Climate change dominated the World Economic Forum’s Global Risk Report 2020 and the issue is widely recognised as the greatest threat business has ever faced, a direct result of a finite economic model that has run its course. The landmark Stern Report on climate economics warns of a 20% contraction in global GDP each year if we don’t act. More recent analyses show that these are not far off events, the damage is unfolding before our eyes.


The beauty of NCV is that it aligns customer interests and business interest. Just as customer value cannot be created with one hand and destroyed with the other, business value cannot be generated short term while the means upon which value depend are eradicated long term. In practice NCV involves modelling the effects of climate impacts on demand and conceiving strategies to reduce exposure by reducing impact.


Business reform, far from being a threat, is critical to long-term viability and resilience. Yet if business departs from its neo-classical anchorage, it needs a destination, a new model for success. NCV offers an organising idea for just such a system change.

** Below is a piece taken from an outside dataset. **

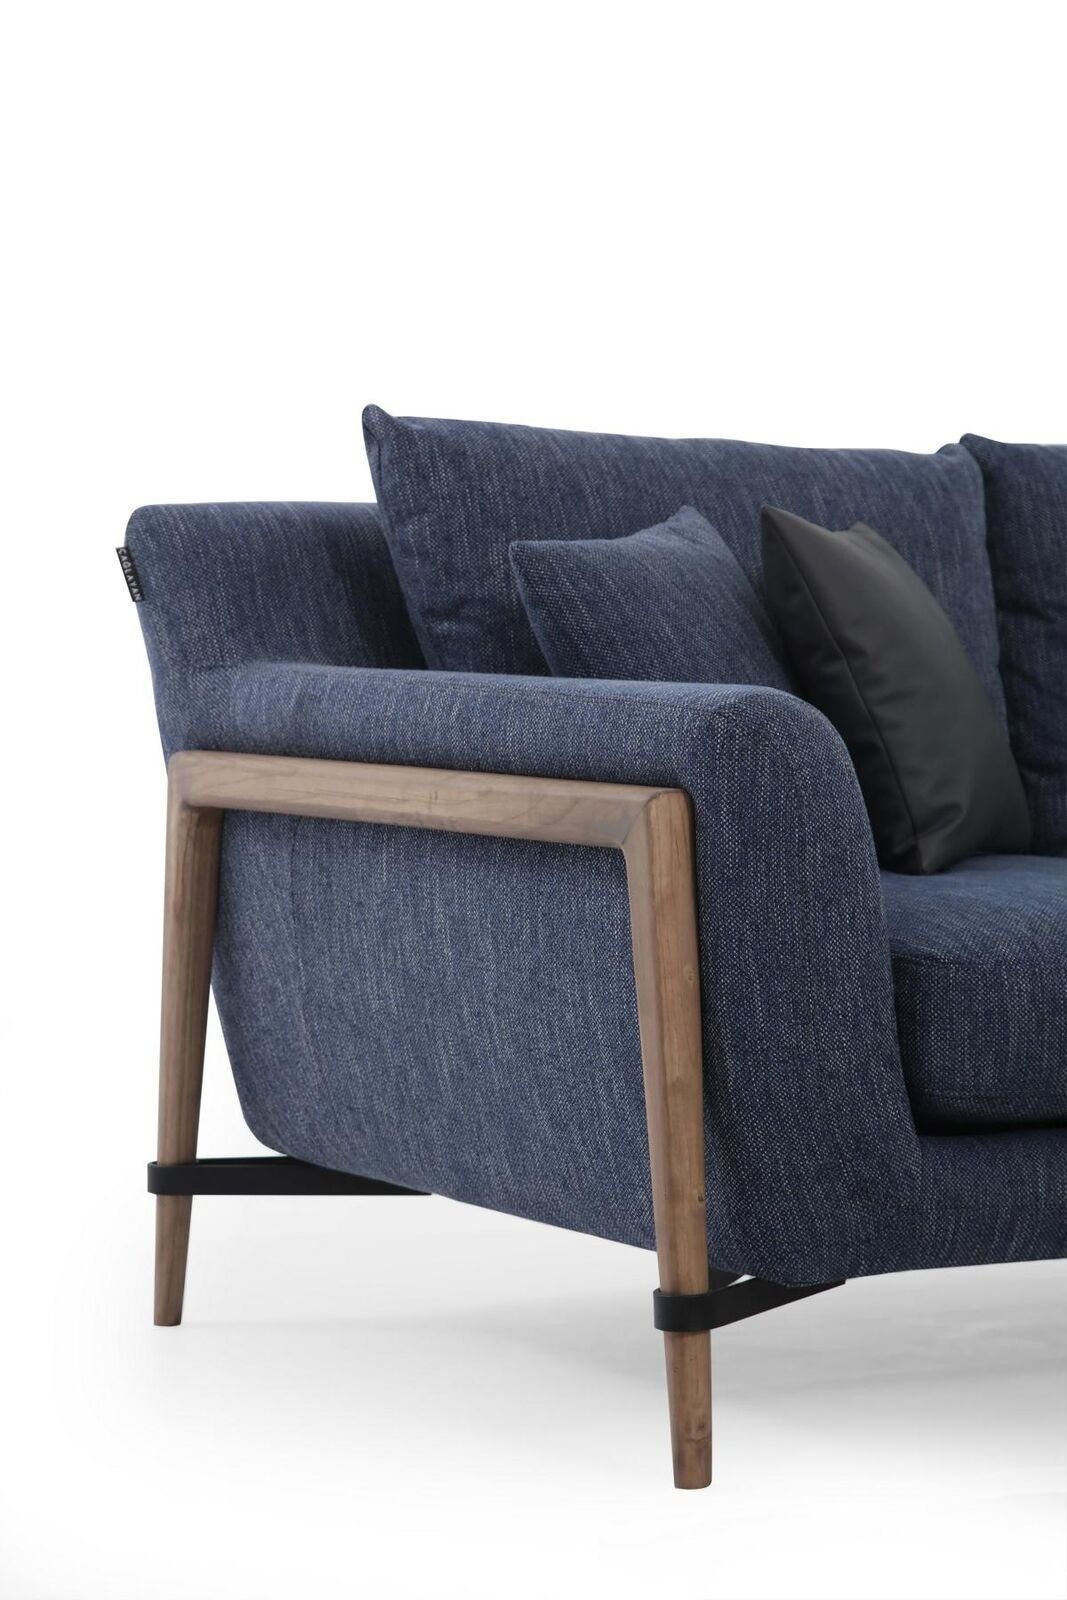 JVmoebel 3-Sitzer Dreisitzer Sitzer Sofas in 3 Wohnzimmer Teile, Design Europa Sofa Blau, Made Modern Stoff 1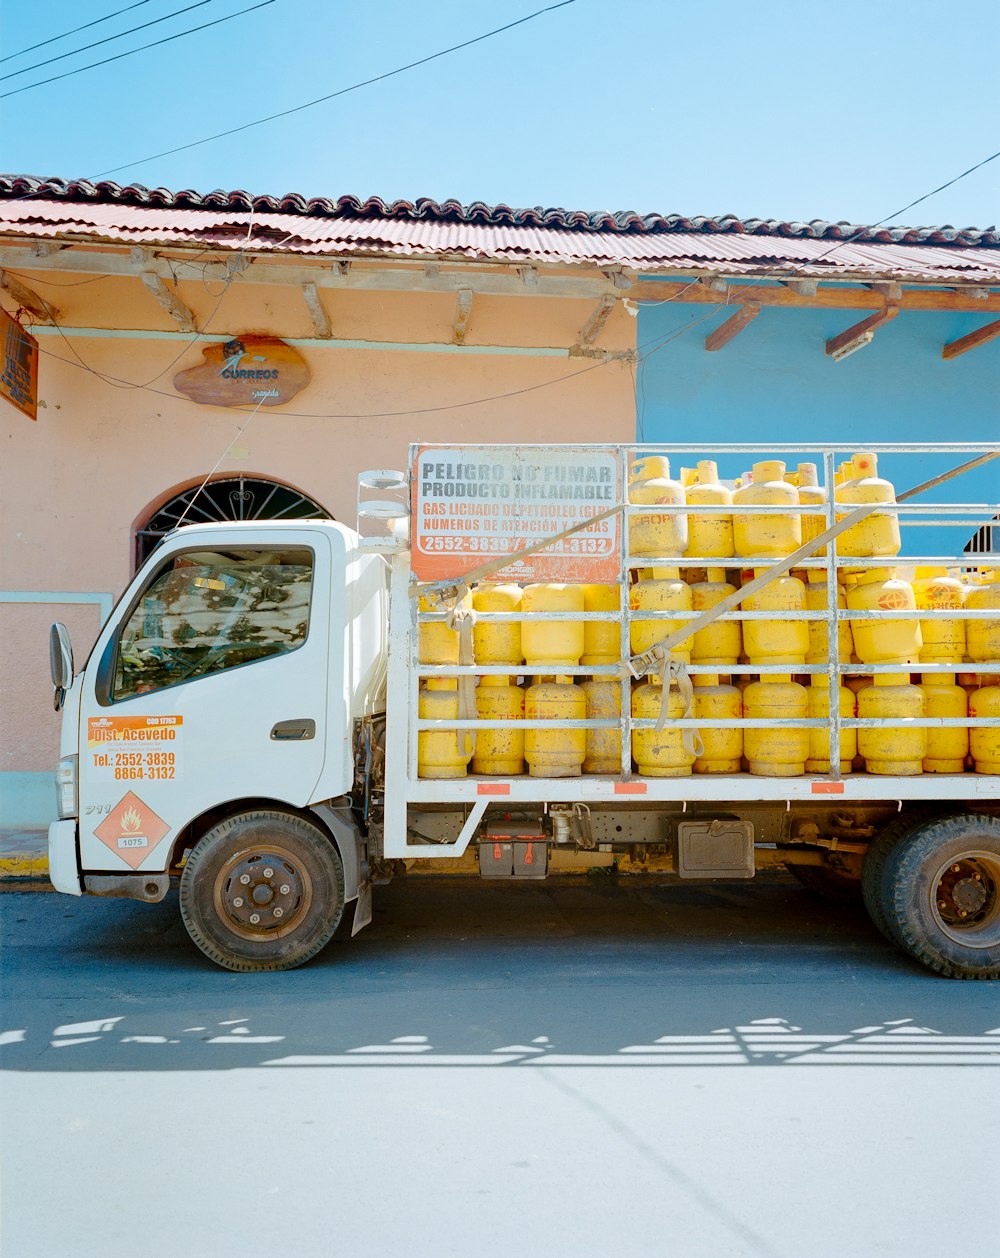 Un camion con molti contenitori gialli sul retro

Describing that system design in detail is a separate topic altogether. However, NCV will inevitably result in a number of significant reforms in the way businesses operate. Purpose will revolve around solving customer problems, not maximising profit. Performance will be measured on a long-term value basis, bridging the gap between financial reporting and ESG reporting. Shareholder primacy will be supplanted by a stakeholder focus. Ultimately NCV is designed to create a positive, regenerative cycle between business value, customer value and ESG value.


Crucially, NCV gives business a credible, attractive pathway for reform. Putting customers at the heart of a company is hardly controversial. Peter Drucker, the Godfather of modern management theory, said “the purpose of business is to create a customer”. Returning to an updated version of this foundational logic can only strengthen business.


Enter the value-sphere


Protecting your business' revenue engine from climate change means expanding ESG into the value-sphere of core business. NCV can help brands make this crucial transition, moving sustainability from a limiting factor to a value driver. This switch, more than any other, will be critical to preserving demand in the long run.


Rethinking products and propositions through an NCV lens is not just about minimising where value is destroyed, but augmenting where value is created. This is because in the short term, NCV will need to be delivered more by rethinking business models than reformulating products.


For millions of products, sustainable inputs simply do not exist. The science and technology are not there yet. In the near term, we should look at what can be achieved with how we commercialise propositions and this is where a profound understanding of customer value is immensely important.


We need to think far more expansively, challenging the traditional mechanics of value exchange as we actively conceive concepts that decouple consumerism from materialism. Models based on rental, asset sharing, usage-based pricing, and so on, are already redefining many markets and represent early incarnations of what is possible. Uniting unmet customer needs with science-based regenerative business models could unlock new categories of commerce altogether, such as time-limited ownership.


Brands need to be on the same side as their customers. NCV gives them a means to operationalise traditionally fluid concepts like “business purpose” and “licence to operate”. In essence, NCV tries to reconnect a company’s value chain with its value proposition on the basis of sustainability, a critical bridge for companies to forge if they hope to transcend into tomorrow’s regenerative economy. Ultimately, to achieve this we need a new form of demand-side innovation – value innovation – to reconceptualise value exchange in a time of climate change.